October 20-21, 2011, York University, Toronto

FROM THE CLOSING COMMENTS BY JONATHAN NITZAN:

Today’s talk has, like the one I gave at last year's conference on 
Capital as Power, presented my joint work with Bichler on the present 
crisis. Last year, I argued that this crisis is a systemic one, and that 
capitalists were struck by systemic fear – a primordial consternation 
for the very existence of their system. My purpose today has been to 
explain why.

In order to do so, I have set aside the liberal-democratic façade that 
economists label 'the economy' and instead concentrated on the nested 
hierarchies of organized power. The nominal quantity of capital, I’ve 
argued, represents not material consumption and production, but 
commodified power. In modern capitalism, the quantities of capitalist 
power are expressed distributionally, as differential ratios of nominal 
dollar magnitudes. And the key to understanding capital as power is to 
decipher the connection between the qualitative processes of power on 
the one hand, and the nominal distributional quantities that these 
processes engender on the other.

I have dissected, step by step, the national income accounts of the 
United States, from the most general categories down to the net profits 
of the country’s largest corporations. I have shown that, from the 
viewpoint of the leading corporations, most of the redistributional 
processes – from the aggregate to the disaggregate – are close to being 
exhausted. By the end of the twentieth century, the largest U.S. 
corporations, approximated by the top 0.01%, have reached an 
unprecedented situation: their net profit share of national income 
hovers around record highs, and it seems that this share cannot be 
increased much further under the current political-economic regime.

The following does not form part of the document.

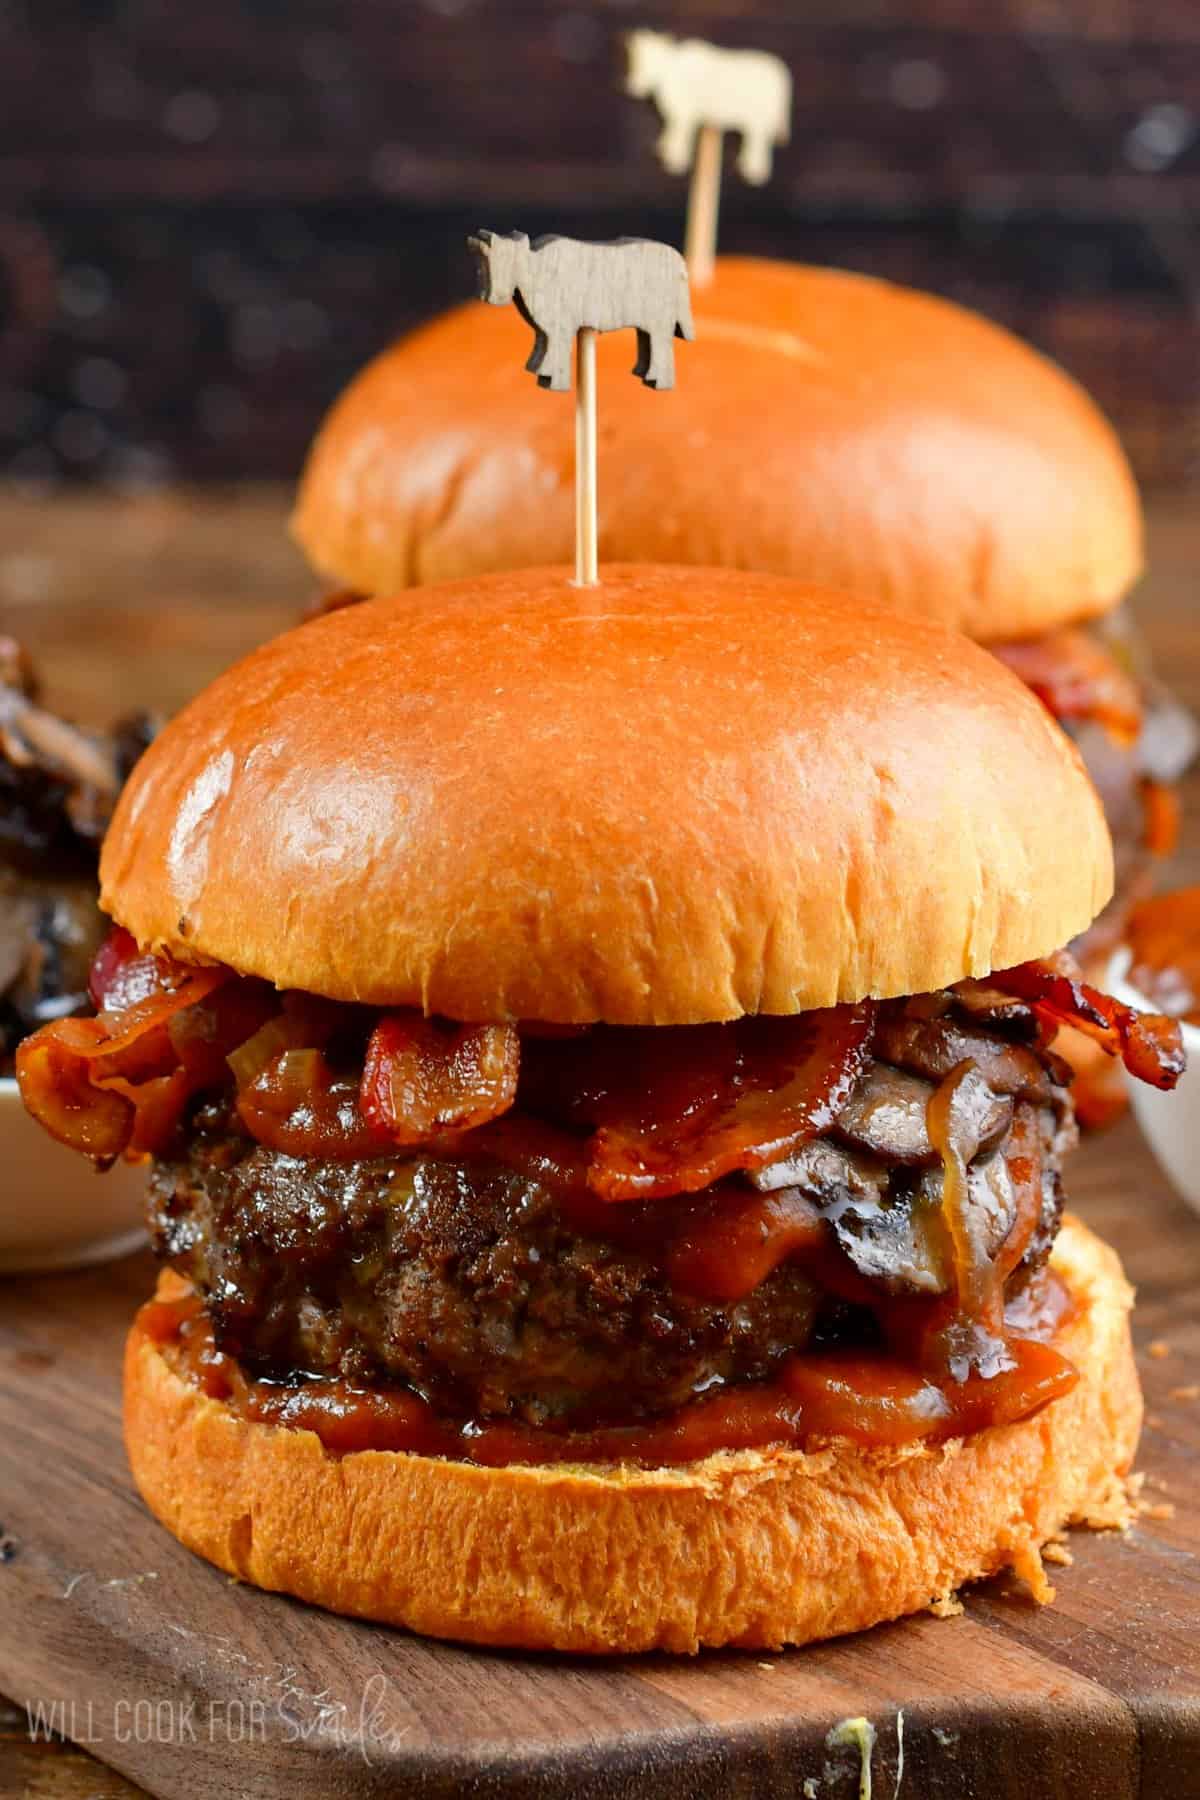 Two burgers with sauteed mushrooms, bacon, and whiskey sauce on a bun on a wood surface.

This asymptotic situation, Bichler and I believe, explains why leading 
capitalists have been struck by systemic fear. Peering into the future, 
they realize that the only way to further increase their distributional 
power is to apply an even greater dose of violence. Yet, given the high 
level of force already being exerted, and given that the exertion of 
even greater force may bring about heightened resistance, capitalists 
are increasingly fearful of the backlash they are about to unleash. The 
closer they get to the asymptote, the bleaker the future they see.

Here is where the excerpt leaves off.